Advantages of the AK are as follows -
1). Very simple weapon to operate and maintain
2). Magazines (surplus ones) are still plentiful for the 7.62x39, and top tier US Palm are available under $30.
3). You can get great weapon specific training at Suarez International
The main problems that persist with the AK are as follows -
1). Very few quality accessories have been made in the USA. There are a few companies such as Midwest Industries, that are making top shelf accessories for this rifle, but most others are focusing solely on price...again reflecting the interest of the mass AK market.
2). Since many rifles are built on de-milled parts, the age and quality of those parts is in question. We have seen some very nice rifles and some absolutely unsatisfactory rifles. As well, since very few of these rifles enter the country as sold, the assembler/builder will determine the quality. And that is as unpredictable as the weather.
3). Number two, coupled with low grade ammo, leads to poor performance. The development of ComBloc ammo has simply not been developed by the ammo companies as they cannot compete with the cheap training ammo imported from the east.
4). There is no uniformity between rifles and magazines or parts between countries may not
The AK is an excellent rifle concept, and could be a very fantastic rifle (witness the Finn's Sako 95), but such a rifle is not likely to be made here in the USA at a price anyone could justify paying.
Now to the HK. The HK systems were around long before the AWB of '94, and were the epitome of the Assault Rifle then. The HK-91, 93 and 94 (AKA G3, HK33 and MP5) were the benchmark for special operations and SWAT. When the AWB errupted on the scene, HK lost a great deal of money and, disgusted with the American civilian gun scene (and after something like that who would blame them), took those guns off the market and sold them overseas.
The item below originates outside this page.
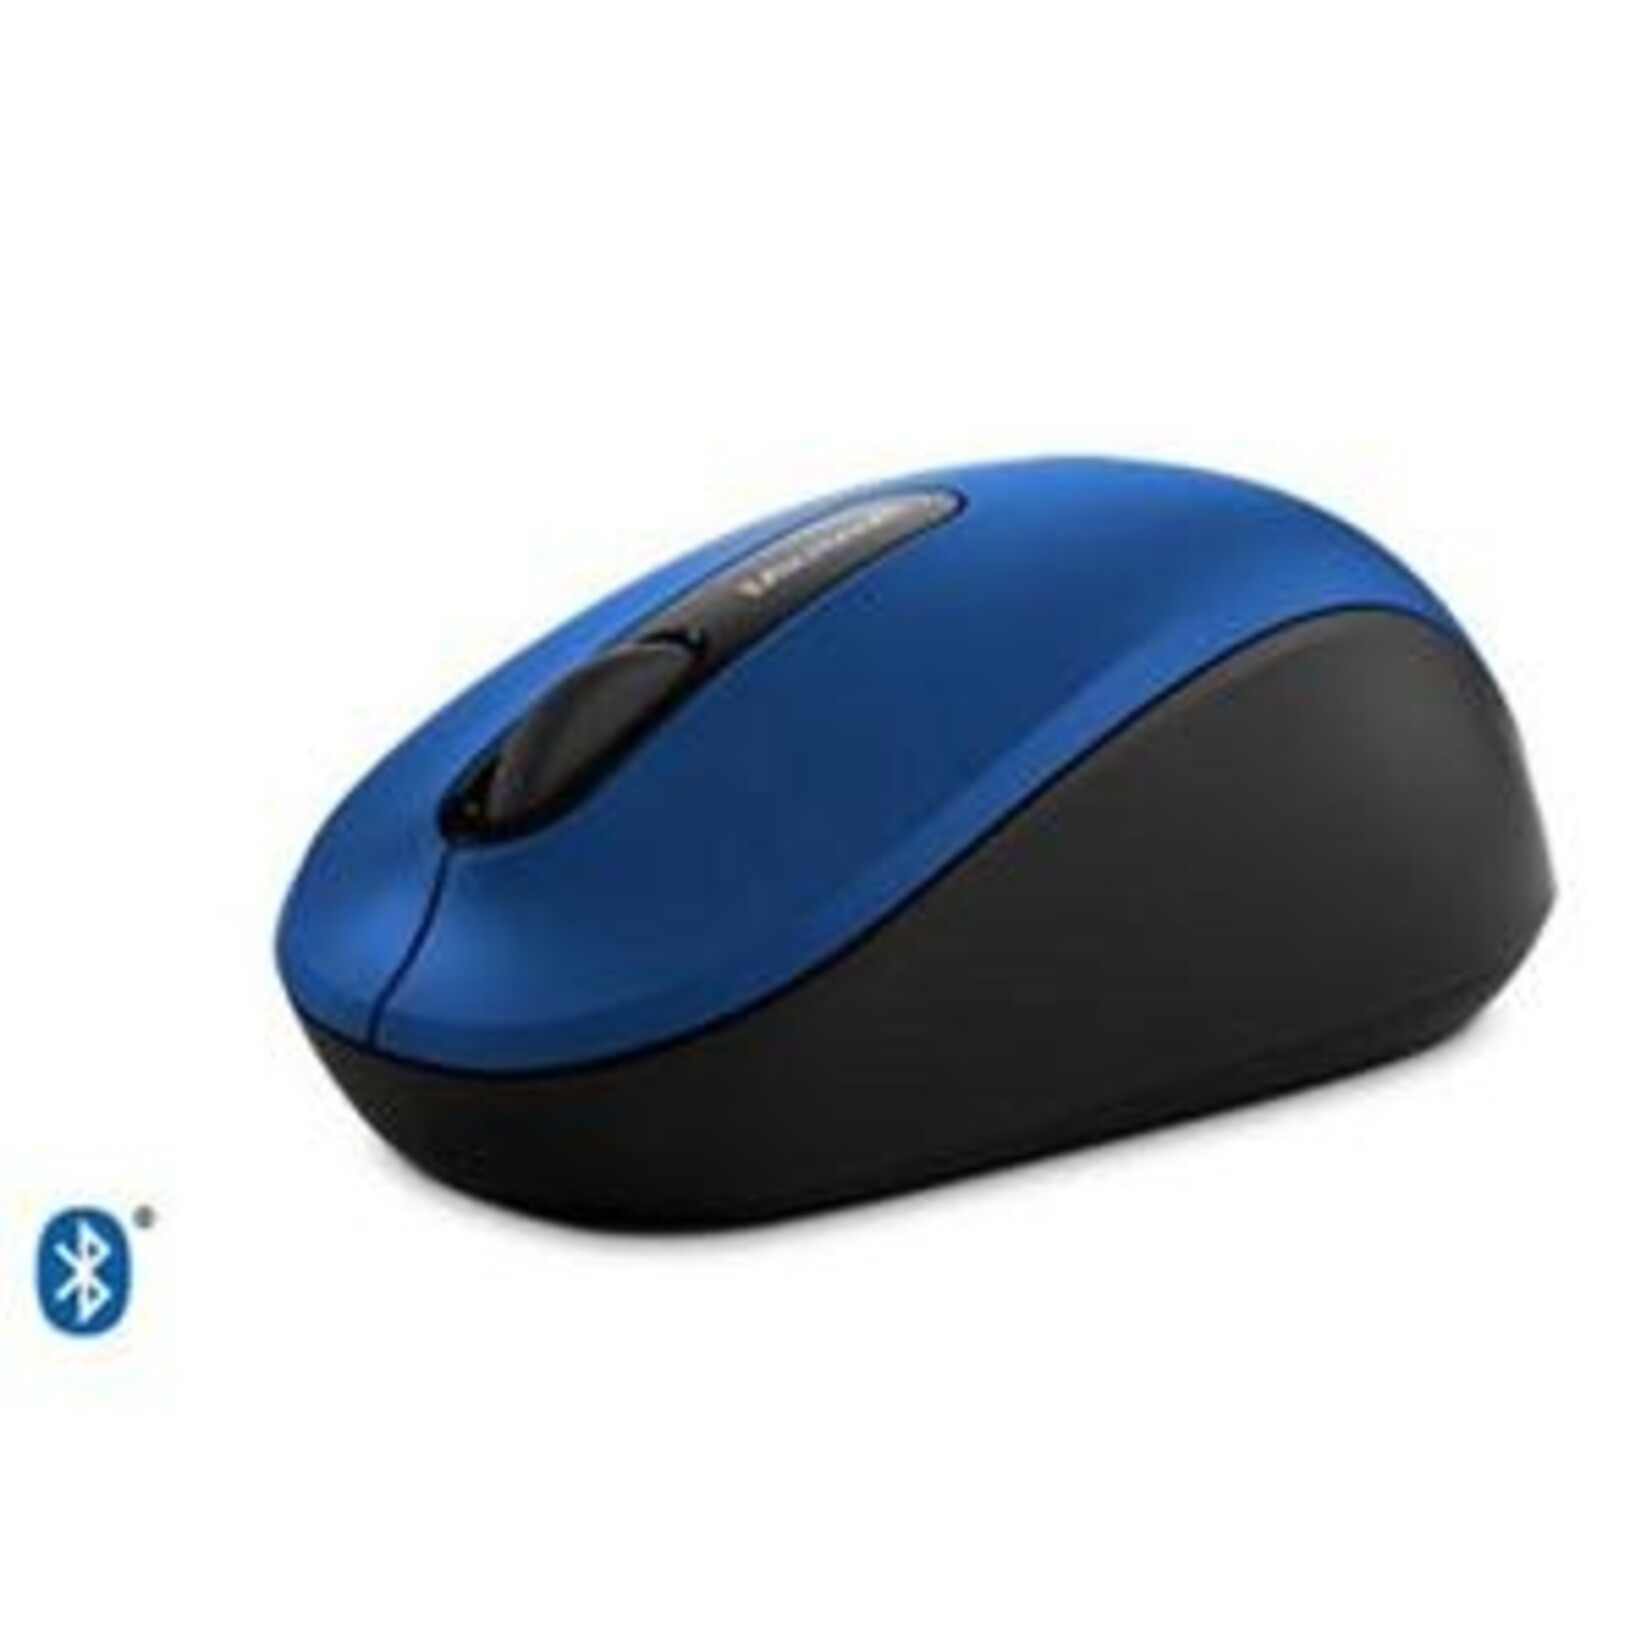 Microsoft Microsoft Bluetooth Mouse 3600
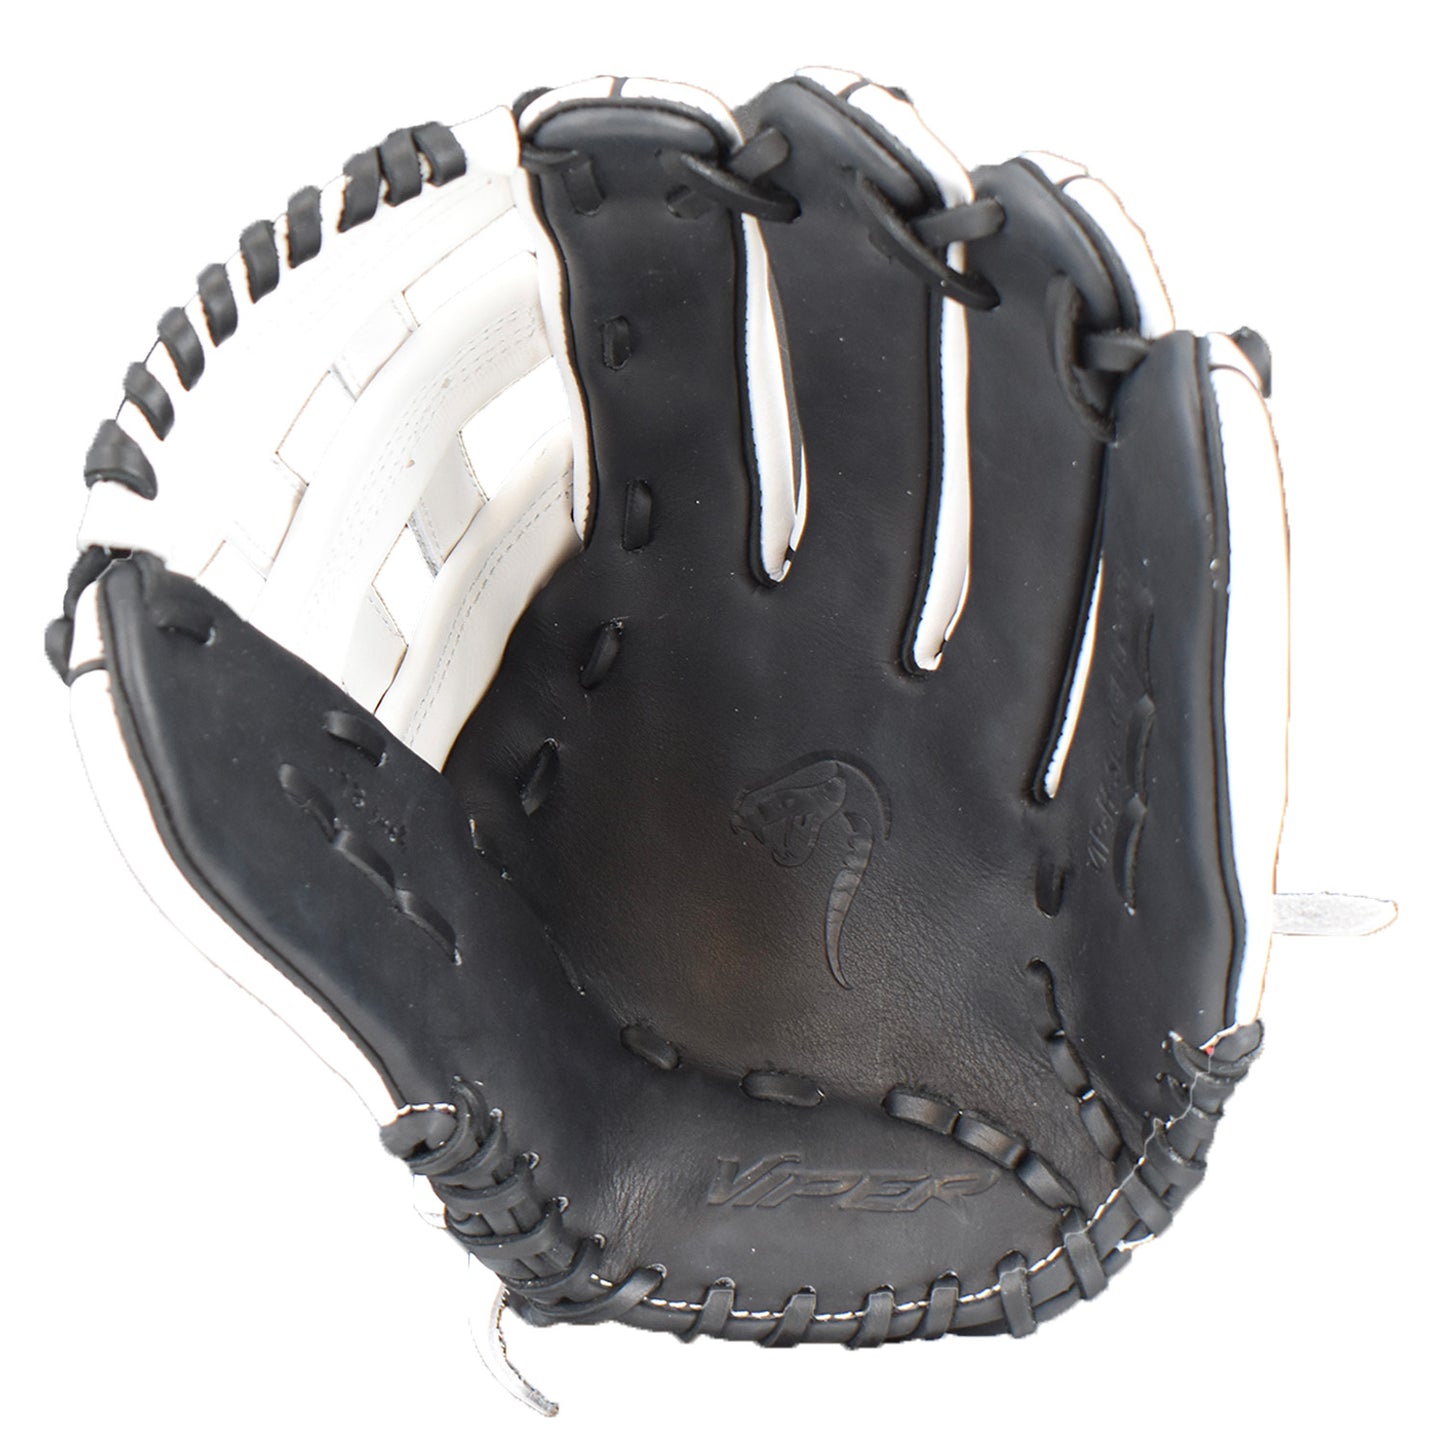 Viper Premium Leather Slowpitch Softball Fielding Glove – Game Ready Edition - VIP-H-SL-W-BLK-001

The HK family was used and is still used in a great many countries. A search on wikipedia for G3 or HK33 will show. I have seen them in almost every country I have visited and they have been built by various nations under license from HK and on German machinery. Being German, the design and tolerances are far superior to the AK systems, and a magazine from Thailand will fit into a Greek rifle, and a Turkish handguard will pop right on to a German rifle with no issues.
Advantages of the HK Over AK -
1). Uniformity of design and fabrication. All one has to do is examine the two systems with an open mind. It would be like comparing a Russian Lada with a German Audi.
2). Has not been co-opted by the "Hills Have Eyes" crowd. There are no cheap accessories or "trashtical" add-ons to the HK platform.
3). Just as simple to operate and maintain as the AK platform...perhaps more so.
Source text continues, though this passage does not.